Le Pogge est un caractère typographique qui puise ses spécificités dans les tracés calligraphiques de la minuscule carolingienne du IXe siècle, à la manière des humanistes au XVe siècle ; notamment sous l’influence de Poggio Bracciolini.
De Alcuin,
Bien que les sources du Moyen Âge nous révèlent des graphies très nombreuses, variant avec les époques et les lieux, on peut cependant admettre qu’une écriture l’a emporté durant près de quatre siècles au point d’éclipser les autres : celle que l’on a appelée « caroline », du nom de Charle(magne) sous le règne duquel elle a été mise au point. La minuscule caroline, somme des écritures livresques les plus lisibles à l’époque, a été imposée par Charlemagne en 789 dans toutes les écoles, scriptorii et monastères de l’Empire (qui comprenait toute l’Europe occidentale) parallèlement à la réforme des études et de la liturgie.
Sous l’impulsion d’Alcuin (730 — 804), savant et artisan important de la renaissance carolingienne, elle a été créée d’un choix délibéré pour faire de cette écriture empreinte de force et de clarté, de simplicité et d’une excellente lisibilité, un instrument d’unification de la pensée de l’Occident chrétien. La caroline est une lettre décisive pour l’évolution de l’écriture. C’est elle que reproduit aujourd’hui le bas de casse, par l’intermédiaire de l’écriture humanistique du XVe siècle.
à Poggio Bracciolini.
Dès le XVe siècle, l’Europe connaît une profonde mutation politique, économique et culturelle. Caractérisée par une rupture progressive avec la société féodale et un regain d’intérêt pour l’Antiquité : la Renaissance. Un mouvement philosophique et artistique donc, qui entend s’éloigner de la « barbarie » et de la pensée scolastique du Moyen Âge pour ressusciter le faste de la culture classique.
Si l’on considère les débuts de l’humanisme à Florence vers la fin du XIVe siècle et dans la première décennie du XVe siècle, on constate qu’il s’agit surtout d’un mouvement littéraire inspiré par Pétrarque et ses disciples, Coluccio Salutati, Niccolo Niccoli, et Poggio Bracciolini. Ces érudits sont alors engagés dans une quête qui s’apparente moins à une entreprise de création qu’à une redécouverte, celle de l’héritage littéraire de l’ancienne Rome, héritage perdu ou mésestimé. C’est ainsi qu’ils découvrent plusieurs spécimens transcrits dans la belle écriture minuscule du IXe siècle.
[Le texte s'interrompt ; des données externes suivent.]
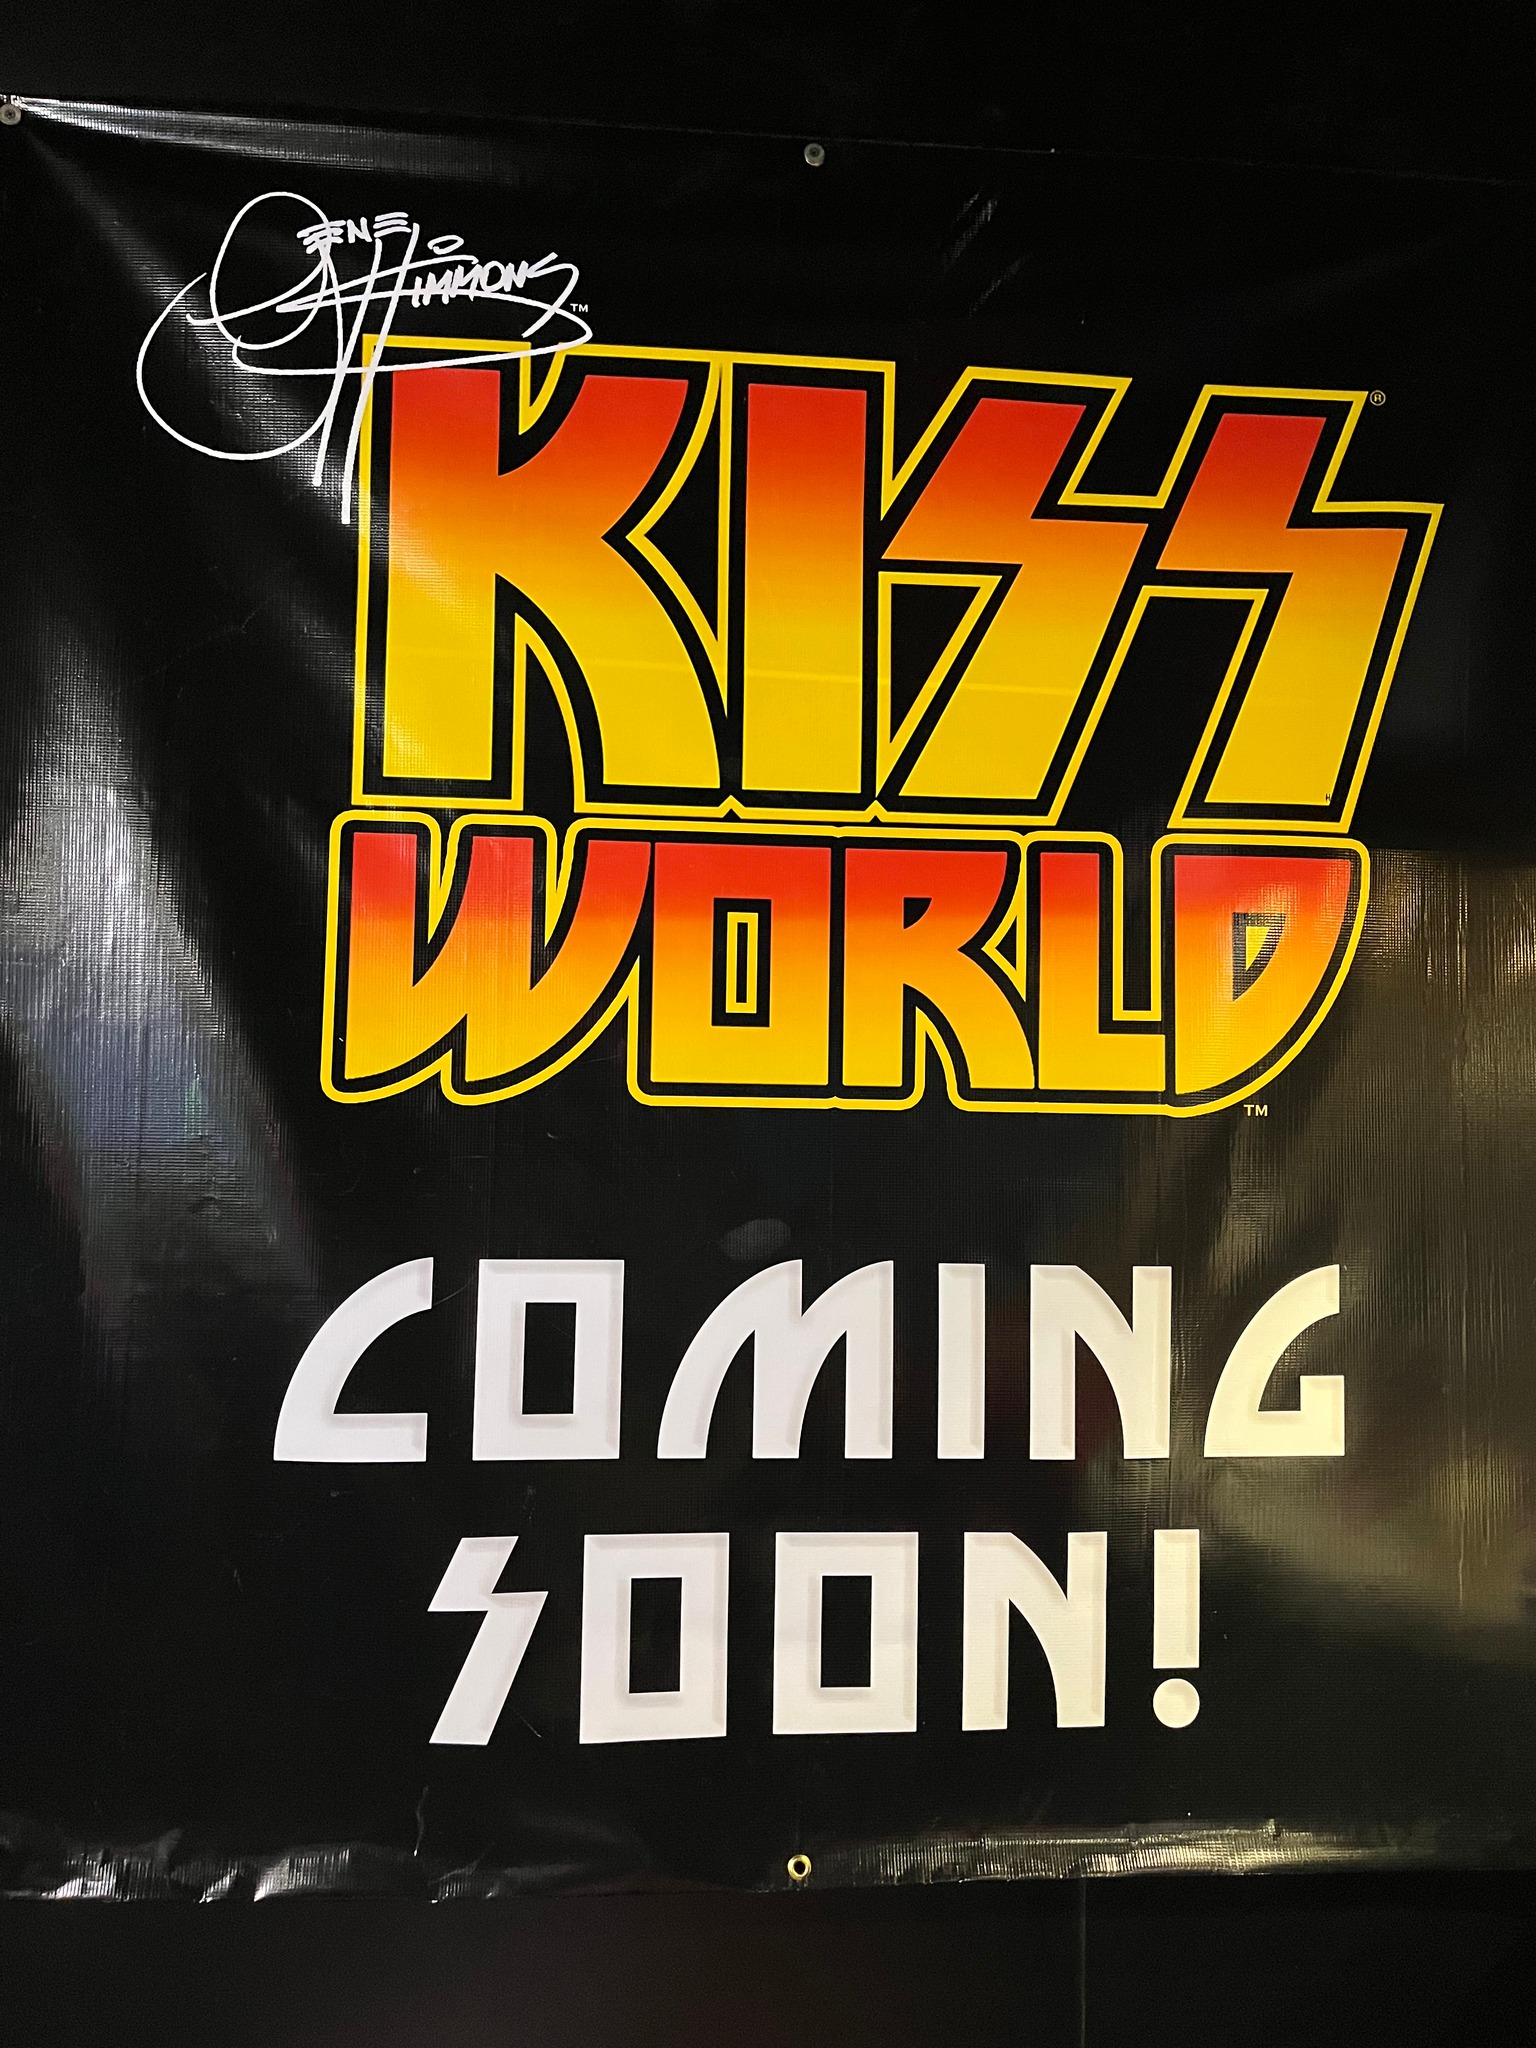 Gene Simmons’ KISS World Soft Opening!

N’ayant eu connaissance d’aucun style d’écriture latine antérieur, ils en concluent, peut-être un peu hâtivement, qu’ils ont découvert l’écriture classique des Romains. Avec une grande évidence, ils adoptent cette minuscule caroline pour calligraphier leurs manuscrits. Celle-ci se voit notamment magnifiée et stabilisée à travers la main de Paggio Bracciolini (1380 — 1459), célèbre érudit humaniste florentin.
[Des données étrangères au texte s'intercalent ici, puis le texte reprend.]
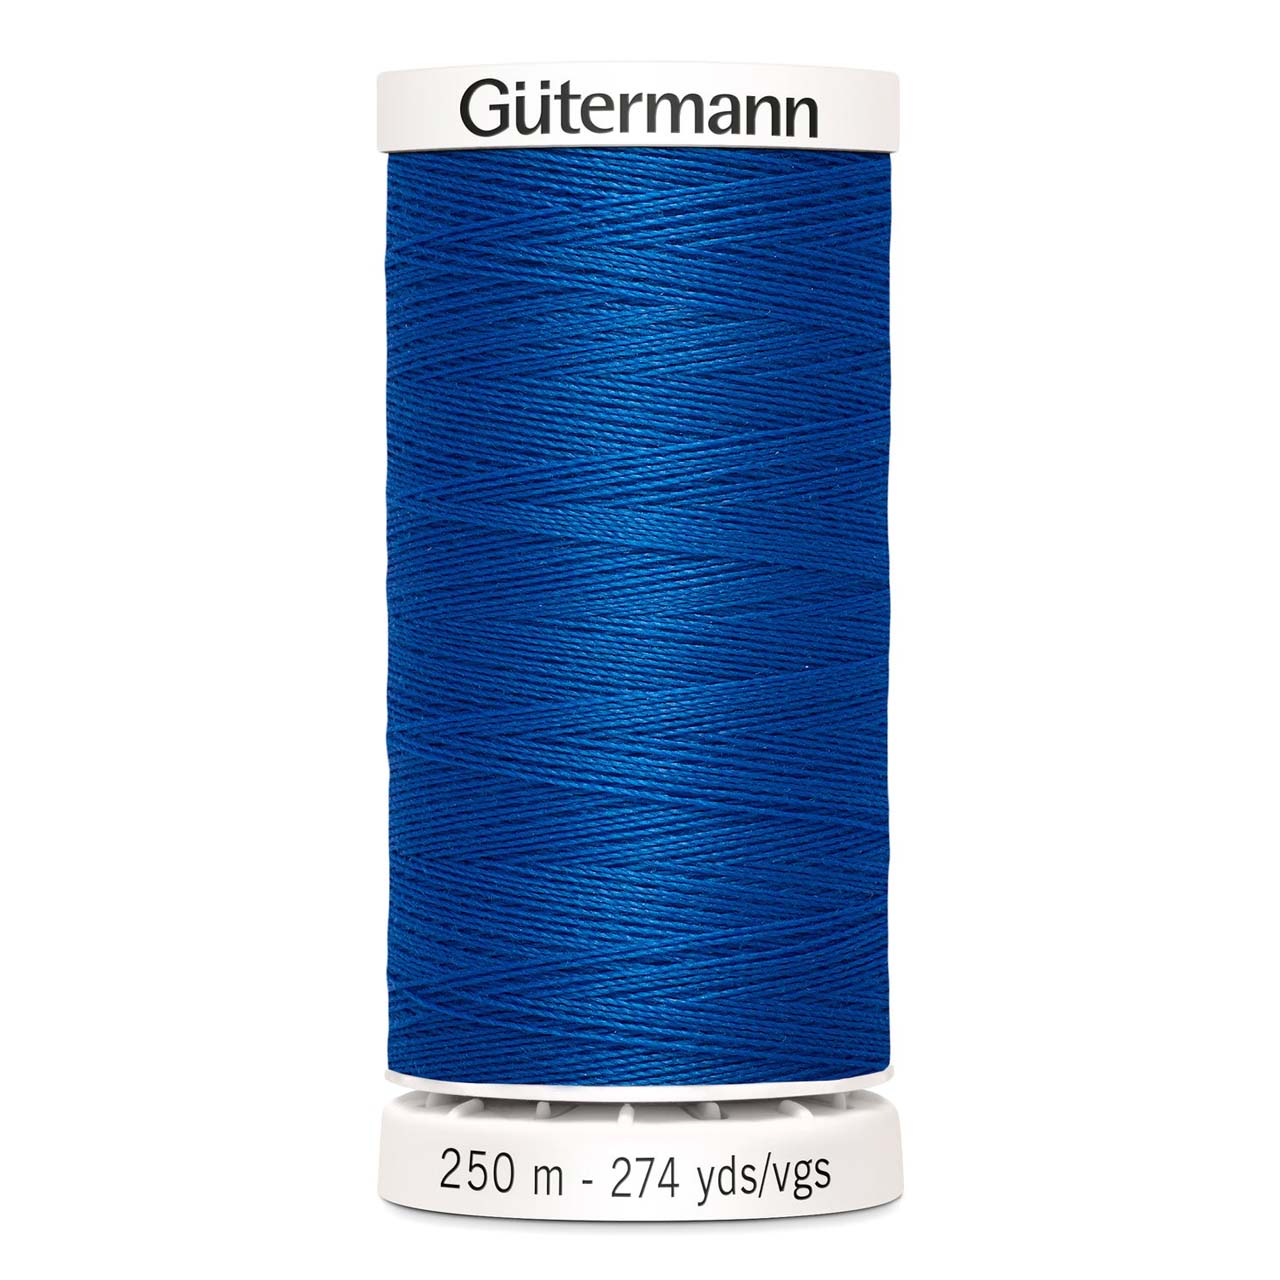 Gutermann thread 322 sewing thread 250 metres

Dans la structure morphologique des écritures humanistiques, les capitales, statiques, monumentales et cérémoniales répondent parfaitement à la solennité de leur fonction de titrage. Au contraire, les bas de casse minuscules, dont la fonction est de composer le discursif, sont dynamiques, nées de l’animation des modèles de capitales lapidaires à travers les âges, par le gestuel rapide de la main du scripteur. Ils sont faits d’une succession de courbes quasi sensuelles, où les lettres à axe oblique, ne trouvent leur équilibre que dans le mouvement dextrogyre du ductus préservant le gestuel des attaques et finales, liant les unes aux autres en les déroulant dans le mot et dans la ligne. Les ascendantes et descendantes relativement longues, assurent la silhouette marquée de chaque mot-idéogramme, garantissant une parfaite identification.
Spécimen
Les formes rondes et aimables de ces écritures traduisent assez bien l’esprit de tolérance de l’humanisme de la Renaissance italienne, né dans cet environnement méditerranéen accueillant. L’imprimerie naissante crée alors une série de caractères romains imitant l’écriture humanistique utilisée dans nombre de manuscrits de l’époque et renforce son aspect droit et régulier. Le « Pogge » est un caractère contemporain qui puise ses spécificités dans ces tracés calligraphiques, et souhaite s'inscrire dans cette même recherche d'un idéal mythique en harmonie avec l'homme.